47
Wednesday,
December Twentieth
Grand Island, Nebraska
Second Lieutenant Daniel Van Hook had grown up in Iowa, outside of Pella, before moving to Ellensburg, Washington to attend college. It was near coincidence that he found himself back in Iowa, and managed to play a huge role in getting A Company good intel by almost immediately locating one of the family farms. Sometimes, it is all about whom you know.
The DeJong farm, Clara told me over a very early breakfast of oatmeal and black coffee, had been in the family for a hundred and seventy-five years, with many relatives scattered across eleven counties. Family reunions ran into the thousands of attendees, pre-War. The last one had to be held at the County Fairgrounds, because there wasn’t enough room on any single farm to handle them all.
Well ahead of the Second Depression, many of the farms in the region had thinned their herds, dramatically reduced land under cultivation, and in general contracted as they could see the storm approaching. The DeJong clan in particular, was debt averse, and self-financed all operations, and had done so since nearly losing half of their farmland to the banks in the First Depression. With depressed prices, cuts and then elimination of subsidies, those farms that were running on credit went under.
Being fairly far away from a large population center weighed in the favor of most of the farms, well off the highways and main roads. As the collapse began though, anything within a hundred miles of a large population center began to see dramatic increases in city residents, fleeing the Guangdong Flu; running from possible nuclear attack; getting out of the city to ‘live off the land’.
The math was simple enough: Most people typically had a half-tank or a quarter tank of gas in their cars, pre-War. Once things started to come apart, refueling was difficult or impossible, and whatever they’d had before things started going down, were ‘less’ due to their driving around looking for fuel or taking the wrong road or just being wasteful. Most people, it turned out, had a hundred miles or so of vehicle range, with most refugees exiting highways and heading onto frontage roads anywhere from seventy-five miles out to a hundred and fifty miles out. Beyond that, the ‘countryside’ was relatively unmolested.
Defensive measures in the heartland ranged from enforcement of Rule .308, meaning, hitting any looter or credible threat with a .308 round at considerable distance; to blocking roads with deep trenches; to hiding roads completely by plowing them over. Many of the DeJong families’ driveways were long and unpaved. Making them less visible especially when windbreaks and natural vegetation assisted in the camouflage, assisted the preservation of many of their families.

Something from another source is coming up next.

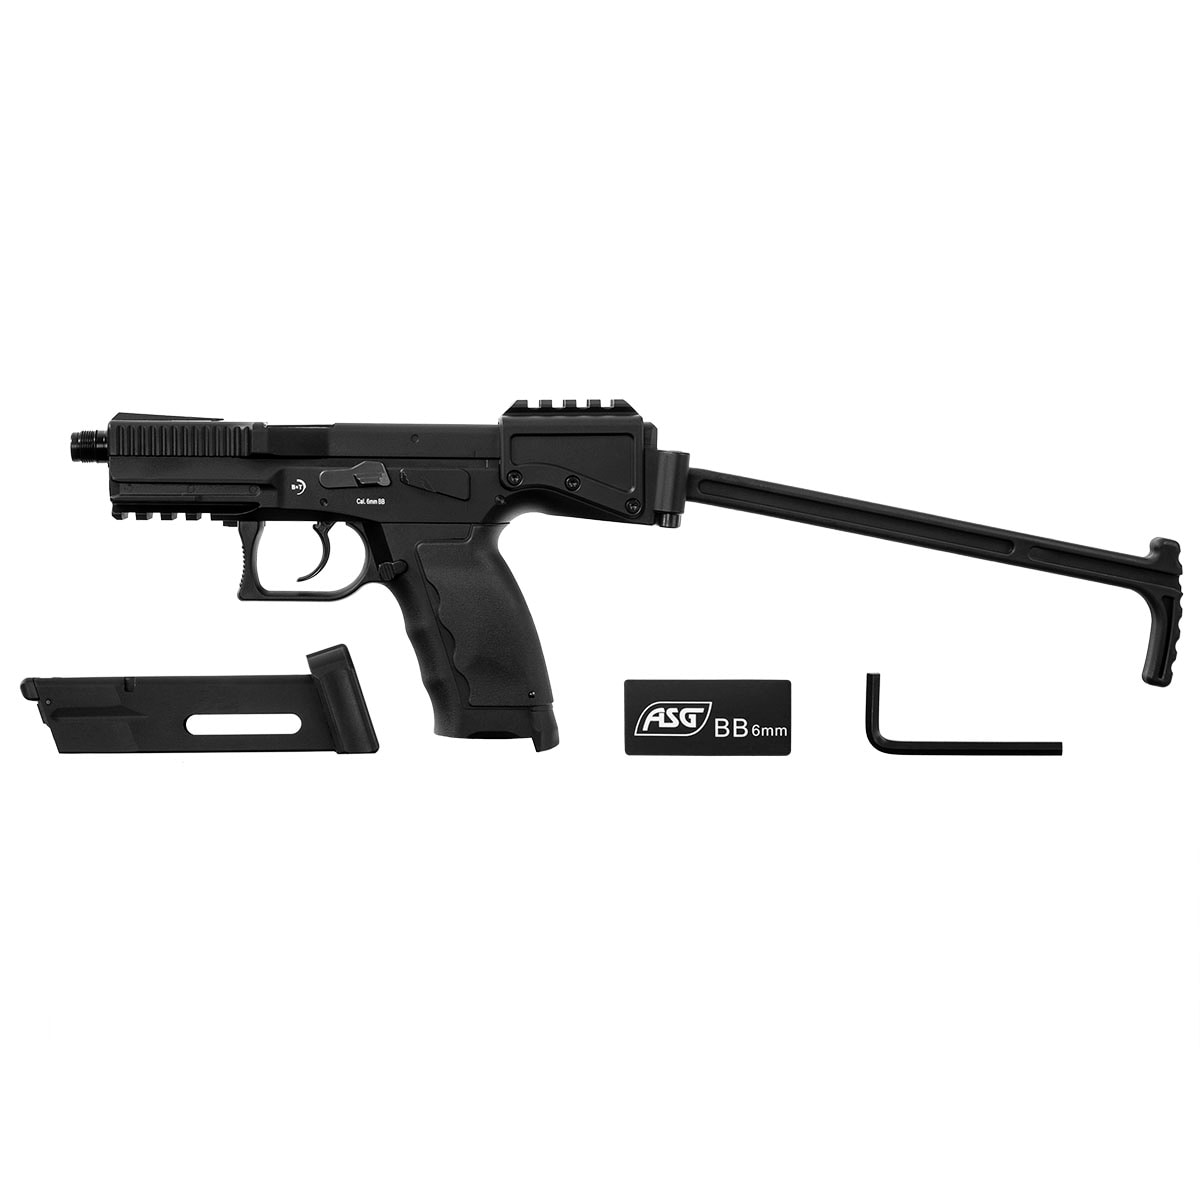 Pistolet GBB B&T USW-A1 CO2 - czarny

Clara and her husband Gerritt’s home was fairly prominent, located on one of the main County roads. It had also been under reconstruction due to tornado damage, never completed before the Second Depression. They made their own adaptations, mostly for looks once the collapse was well underway, by making it look like a burned out wreck. Half of the roof was already off, rafters exposed, siding was missing, windows removed on the second floor. With the addition of black paint, sprayed on above and adjacent to the empty windows and across the soffits in a burn pattern, and on the rafters of course, the place looked from a quarter mile away like a burned out farmhouse. The addition in the yard of old furniture and junk, made it look like it had been looted in addition to being burned.
Inside the house, they’d built a cocoon of sorts, well insulated, well secured, and enclosed by the larger shell. The home was connected through the basement to the large storm cellar, an Iowa requirement. Both were connected to a cistern that collected rainwater from the equipment shed and barn roofs, both metal. Cooking was done only deep into the night on a highly efficient wood stove, and warming fires were kept small in the superinsulated house. Lighting included kerosene lanterns, candles, and propane while it lasted. Refrigeration included using an icehouse, left from the eighteen hundreds.

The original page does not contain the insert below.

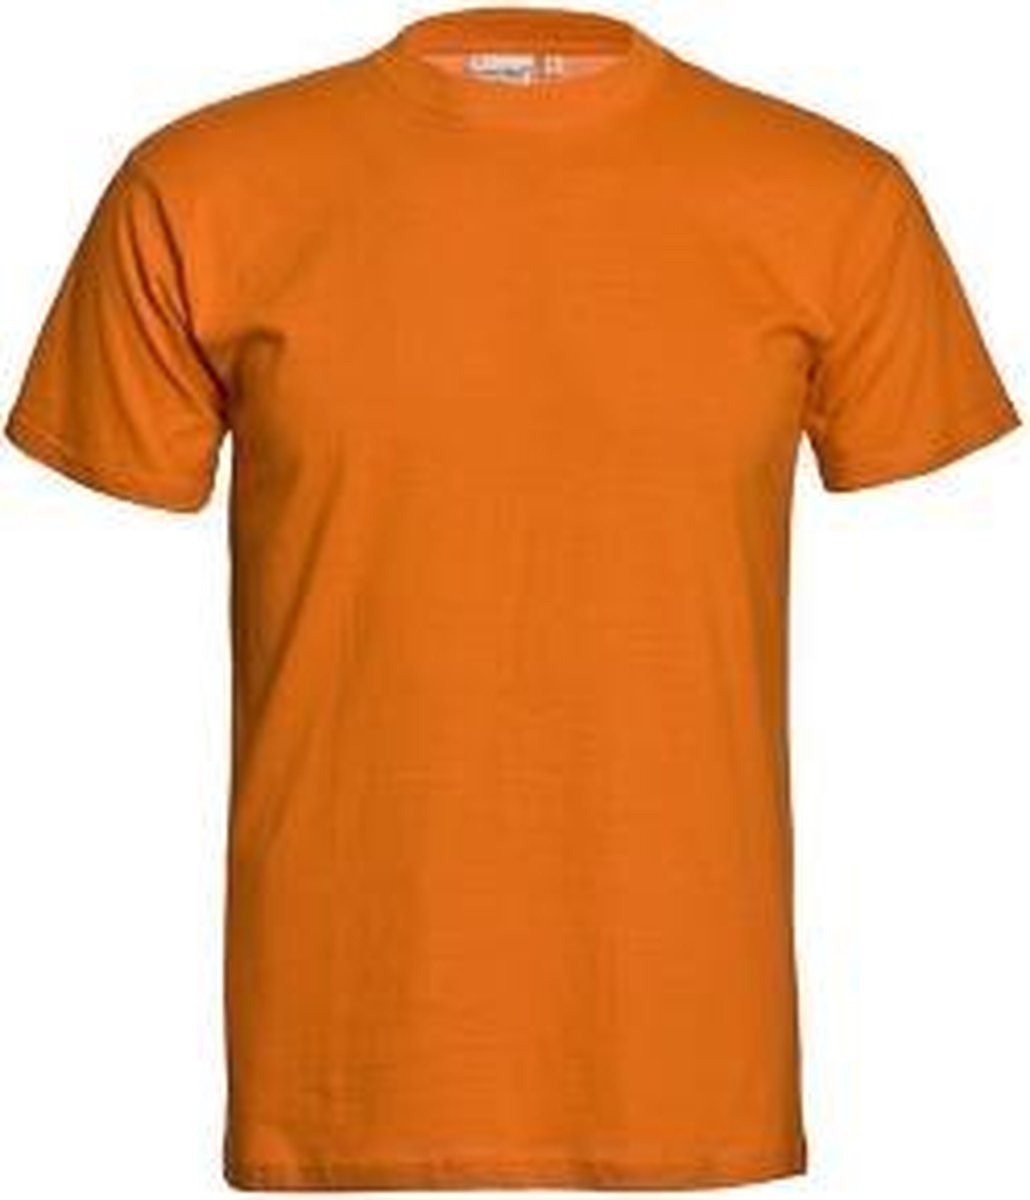 Santino oranje T-shirt Maat XL (vallen ruim)

A ravine to the rear of the house concealed normal foot traffic from the roadside viewer, with livestock kept in a very old barn at the far end of the ravine. It was outwardly decrepit and unused, but was structurally reinforced. The DeJong’s dairy goats, hens, and meat rabbits resided there. Once the transient population settled down (either through attrition or through being encouraged to move on), they moved some of their cattle closer.
Most of the S.A. that flooded through the state, westbound, weren’t interested in looking around except for food, and food didn’t necessarily include food on the hoof…it came from stores. Some farms further away had livestock slaughtered, but not consumed for either sport, or sheer malice. They swept through to the larger cities, consumed, and moved on. They conscripted troops along the way when they could find people. They only burned cities and towns when they retreated. They killed those who resisted at any time.
As with any Resistance movement, the primary mission was to disrupt the S.A. in any way they could without getting killed or compromising the larger effort. In the American heartland, this included picking off S.A. supporters, sometimes in “industrial accidents” or through more direct means. In the first few days of ‘occupation’ (the period of time after the S.A. announced their ‘being’, and before the shooting war arrived), there were a remarkable number of hunting accidents. The informers were relatively easy to spot and the sycophants already known, making themselves targets along the way. Clara DeJong was group coordinator for a hundred square miles, and had connections to many other cells in the region.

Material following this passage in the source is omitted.